(Extracted records)
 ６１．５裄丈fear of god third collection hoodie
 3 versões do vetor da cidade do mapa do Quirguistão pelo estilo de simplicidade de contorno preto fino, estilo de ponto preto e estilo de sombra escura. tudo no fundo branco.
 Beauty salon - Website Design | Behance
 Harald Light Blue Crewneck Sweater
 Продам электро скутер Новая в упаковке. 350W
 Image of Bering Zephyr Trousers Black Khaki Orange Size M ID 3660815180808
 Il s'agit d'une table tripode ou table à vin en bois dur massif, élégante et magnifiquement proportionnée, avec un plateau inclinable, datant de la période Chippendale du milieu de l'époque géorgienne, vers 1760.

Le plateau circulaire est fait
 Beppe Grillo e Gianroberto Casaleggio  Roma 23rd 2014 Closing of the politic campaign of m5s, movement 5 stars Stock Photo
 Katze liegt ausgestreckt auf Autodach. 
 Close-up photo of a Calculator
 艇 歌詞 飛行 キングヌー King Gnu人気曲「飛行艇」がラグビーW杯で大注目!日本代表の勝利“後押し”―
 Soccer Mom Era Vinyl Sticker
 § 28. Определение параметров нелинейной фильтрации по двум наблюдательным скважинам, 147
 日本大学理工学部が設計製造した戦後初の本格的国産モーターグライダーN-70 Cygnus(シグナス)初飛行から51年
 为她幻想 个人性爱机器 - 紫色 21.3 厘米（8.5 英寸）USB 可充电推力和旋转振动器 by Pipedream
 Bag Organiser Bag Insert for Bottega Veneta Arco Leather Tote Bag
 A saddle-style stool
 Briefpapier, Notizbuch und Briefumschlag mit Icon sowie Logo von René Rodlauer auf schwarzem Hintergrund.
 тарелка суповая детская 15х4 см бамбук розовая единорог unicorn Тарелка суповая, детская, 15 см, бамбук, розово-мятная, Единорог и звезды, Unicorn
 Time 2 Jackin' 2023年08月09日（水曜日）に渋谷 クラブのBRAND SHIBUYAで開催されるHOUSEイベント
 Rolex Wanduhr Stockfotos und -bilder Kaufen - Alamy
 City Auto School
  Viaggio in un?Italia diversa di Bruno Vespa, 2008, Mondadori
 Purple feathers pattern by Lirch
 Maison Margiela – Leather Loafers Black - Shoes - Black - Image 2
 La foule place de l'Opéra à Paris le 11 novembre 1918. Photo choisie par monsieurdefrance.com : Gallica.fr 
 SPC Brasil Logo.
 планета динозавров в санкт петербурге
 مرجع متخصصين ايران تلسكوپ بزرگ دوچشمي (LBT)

_WHAT IS EXPECTED:_
Nothing but the lines from the one containing "Il s'agit d'une" through the last line of the data above should be set down, word for word.

_SOLUTION:_
 Il s'agit d'une table tripode ou table à vin en bois dur massif, élégante et magnifiquement proportionnée, avec un plateau inclinable, datant de la période Chippendale du milieu de l'époque géorgienne, vers 1760.

Le plateau circulaire est fait
 Beppe Grillo e Gianroberto Casaleggio  Roma 23rd 2014 Closing of the politic campaign of m5s, movement 5 stars Stock Photo
 Katze liegt ausgestreckt auf Autodach. 
 Close-up photo of a Calculator
 艇 歌詞 飛行 キングヌー King Gnu人気曲「飛行艇」がラグビーW杯で大注目!日本代表の勝利“後押し”―
 Soccer Mom Era Vinyl Sticker
 § 28. Определение параметров нелинейной фильтрации по двум наблюдательным скважинам, 147
 日本大学理工学部が設計製造した戦後初の本格的国産モーターグライダーN-70 Cygnus(シグナス)初飛行から51年
 为她幻想 个人性爱机器 - 紫色 21.3 厘米（8.5 英寸）USB 可充电推力和旋转振动器 by Pipedream
 Bag Organiser Bag Insert for Bottega Veneta Arco Leather Tote Bag
 A saddle-style stool
 Briefpapier, Notizbuch und Briefumschlag mit Icon sowie Logo von René Rodlauer auf schwarzem Hintergrund.
 тарелка суповая детская 15х4 см бамбук розовая единорог unicorn Тарелка суповая, детская, 15 см, бамбук, розово-мятная, Единорог и звезды, Unicorn
 Time 2 Jackin' 2023年08月09日（水曜日）に渋谷 クラブのBRAND SHIBUYAで開催されるHOUSEイベント
 Rolex Wanduhr Stockfotos und -bilder Kaufen - Alamy
 City Auto School
  Viaggio in un?Italia diversa di Bruno Vespa, 2008, Mondadori
 Purple feathers pattern by Lirch
 Maison Margiela – Leather Loafers Black - Shoes - Black - Image 2
 La foule place de l'Opéra à Paris le 11 novembre 1918. Photo choisie par monsieurdefrance.com : Gallica.fr 
 SPC Brasil Logo.
 планета динозавров в санкт петербурге
 مرجع متخصصين ايران تلسكوپ بزرگ دوچشمي (LBT)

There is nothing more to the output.